USS Tarpon (SS-175), 1936-1957

(344 total words in this text)
(1182 Reads)  Printer-friendly page [1]
USS Tarpon, second of the two 1316-ton Shark class submarines, was built at Groton, Connecticut. Commissioned in March 1936, she operated along the West Coast and in Hawaiian waters until October 1939, then was sent to the Philippines. Soon after the Pacific War began in December 1941 Tarpon conducted her first combat cruise amid bad weather east of Luzon. She had an eventful second war patrol near Timor in January-March 1942, damaging one Japanese ship, experiencing a depth charge attack and running aground before returning to her Australian base. Her third patrol ended at Pearl Harbor in May and was followed by a short cruise north of the Hawaiian Islands during the June Battle of Midway. After that, Tarpon went to California for a badly needed overhaul.

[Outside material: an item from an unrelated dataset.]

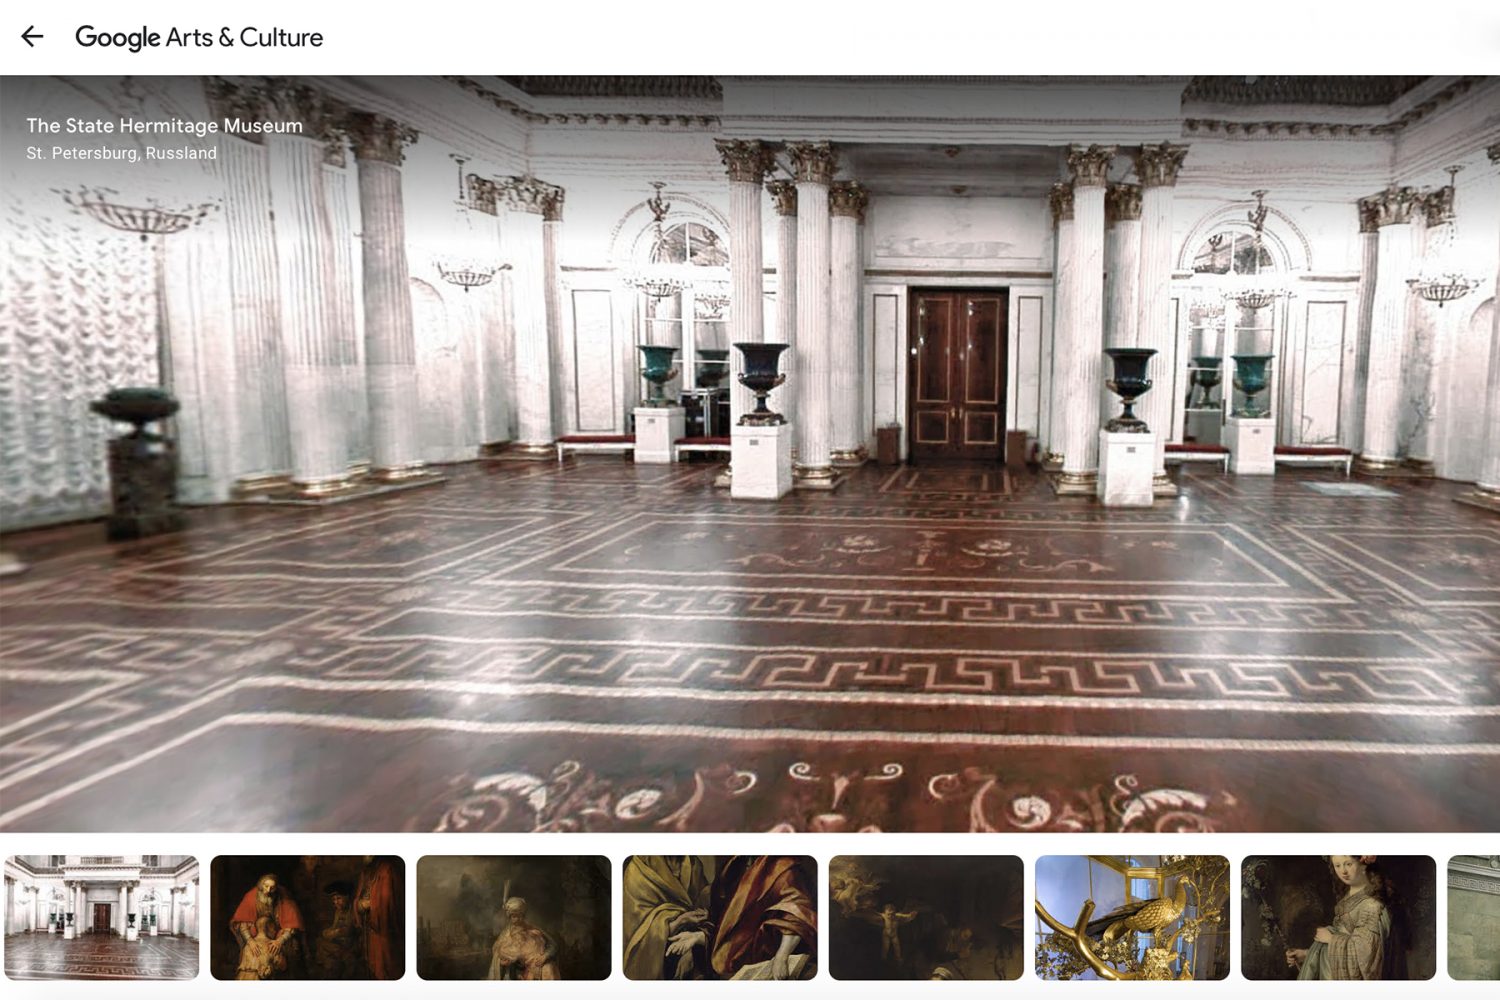 Virtuell verreisen: 20 Museen rund um die Welt, die man von zu Hause besuchen kann

The submarine returned to the war zone in October, making her fifth war patrol in the central Pacific, where she fruitlessly tangled with a Japanese convoy headed for the embattled Solomon islands. On her next mission, however, Tarpon sank two enemy ships off Japan, one of them a large troop transport. The following two missions, one into the central Pacific and one in Japanese home waters, caused the enemy no shipping losses. However, her ninth patrol, also off Japan, produced a third sinking, which years later was determined to be the raider Michel, one of the few German warships to fall victim to U.S. Navy submarines.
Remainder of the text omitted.